AP Photo/Vadim Ghirda

The Russian defense ministry has yet to announce any casualty figures in Ukraine. That’s not unusual or unexpected. They say that Ukraine’s losses are “many times” that of Russia.


The Ukrainian government says that at least 5,000 Russian troops have perished. While that’s an obvious exaggeration, it’s clear that the Russian invasion has been no cakewalk and that Russian losses in men and materiel are climbing.

The New York Times reports that some Russian troops have thrown down their arms and refused to fight once they realized Ukraine was not full of Nazis and that they were fighting an aggressive war. But other members of Russia’s conscript army may simply be afraid of going into a meat grinder.

American officials had expected the northeastern city of Kharkiv to fall in a day, for example, but Ukrainian troops there have fought back and regained control despite furious rocket fire. The bodies of Russian soldiers have been left in areas surrounding Kharkiv. Videos and photos on social media show charred remains of tanks and armored vehicles, their crews dead or wounded.

The Economist believes that Russia suffered more casualties in the first 24 hours of the invasion than they did during their entire deployment to Syria.

As russia continues to wage war in Ukraine, the fighting has not been as one-sided as might have been expected. Despite being outgunned and outnumbered, Ukraine inflicted more casualties in 24 hours than Russia suffered over eight years of engagements in Syria. Ukraine’s anti-tank weapons have presented serious resistance to Russia’s advances in the north and east. This may strike some as surprising. On paper, Ukraine’s military budget is smaller than that of city-state Singapore.


As the Economist points out, an American-made anti-tank weapon, the Javelin shoulder-fired missile, has been wreaking havoc on Russian armor.

Jerusalem Post:

The Javelin is a lightweight, man-portable, shoulder-fired missile system that has been combat-proven to destroy armored threats. The fire-and-forget medium anti-tank system, with a range of between 65m and 4,000m, can be used as an urban assault weapon. The Javelin can destroy a wide range of targets in two different attack modes: a top attack, where the system strikes the weakest point of the target, or a direct attack for soft targets.

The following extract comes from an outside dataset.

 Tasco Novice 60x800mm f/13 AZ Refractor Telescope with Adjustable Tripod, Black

Anti-aircraft Stinger missiles have also proved their worth, shooting down several Russian aircraft.

As the Times report states, Putin is getting a lot more than he bargained for in Ukraine.

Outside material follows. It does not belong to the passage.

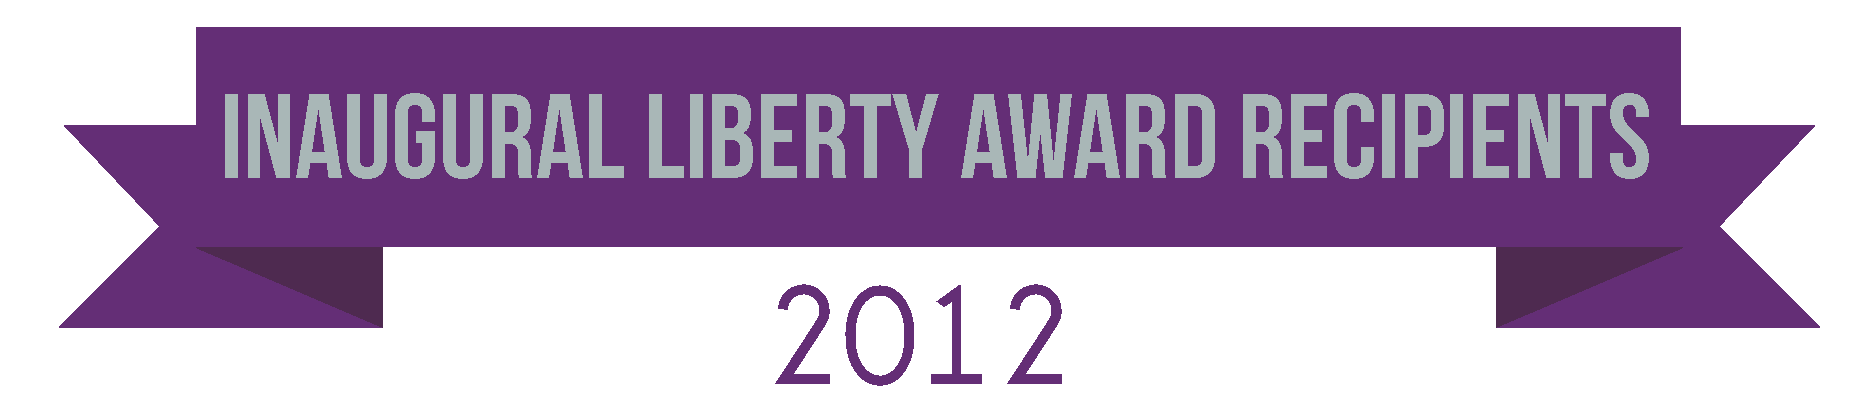 Liberty Awards Gala Recepients

“Given the many reports of over 4,000 Russians killed in action, it is clear that something dramatic is happening,” said Adm. James G. Stavridis, who was NATO’s supreme allied commander before his retirement. “If Russian losses are this significant, Vladimir Putin is going to have some difficult explaining to do on his home front.”

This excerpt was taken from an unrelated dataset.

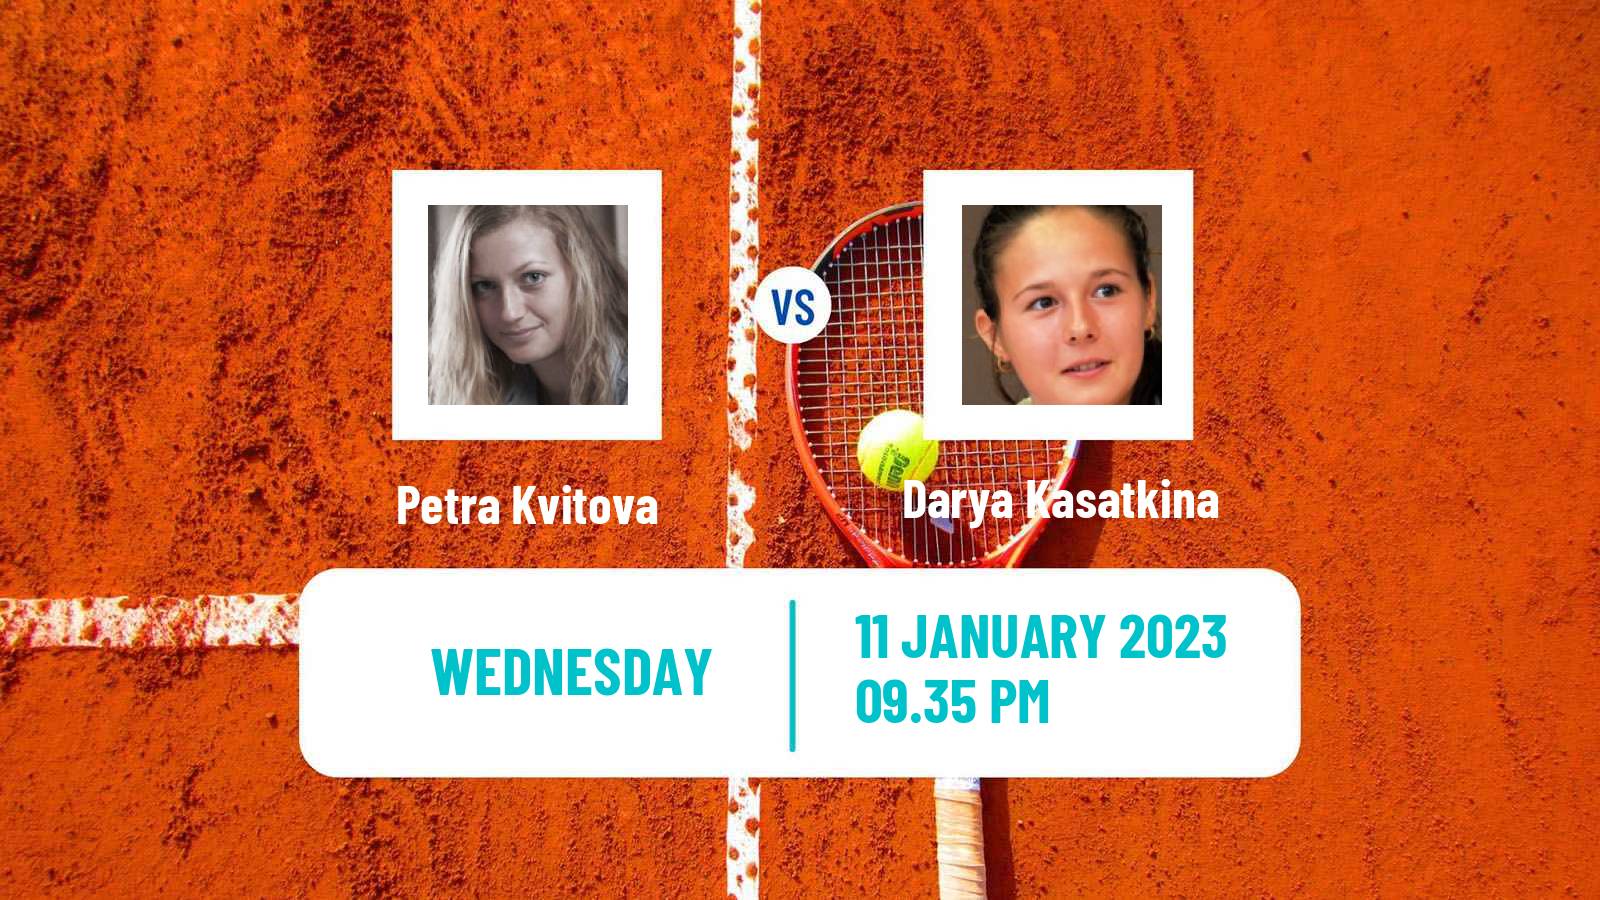 Tennis WTA Adelaide 2 Petra Kvitova - Darya Kasatkina

Representative Adam B. Schiff, Democrat of California and the chairman of the House Intelligence Committee, added, “There are going to be a lot of Russians going home in body bags and a lot of Russian families grieving the longer this goes on.”


One more indication that the war is going badly so far for Putin is the number of dead Russian soldiers being left behind.

“It’s been shocking to see that they’re leaving their fallen brethren behind on the battlefield,” said Evelyn Farkas, the top Pentagon official for Russia and Ukraine during the Obama administration. “Eventually the moms will be like, ‘Where’s Yuri? Where’s Maksim?’”

In the next few days, an armored column 40-miles long will have encircled Kyiv — a clear ultimatum to the Ukrainian government to surrender or have one of the ancient capitals of Europe reduced to ashes.

Cities can be rebuilt. And while there is no doubt that Russia will prevail, at what cost will Putin have paid to get his pound of flesh?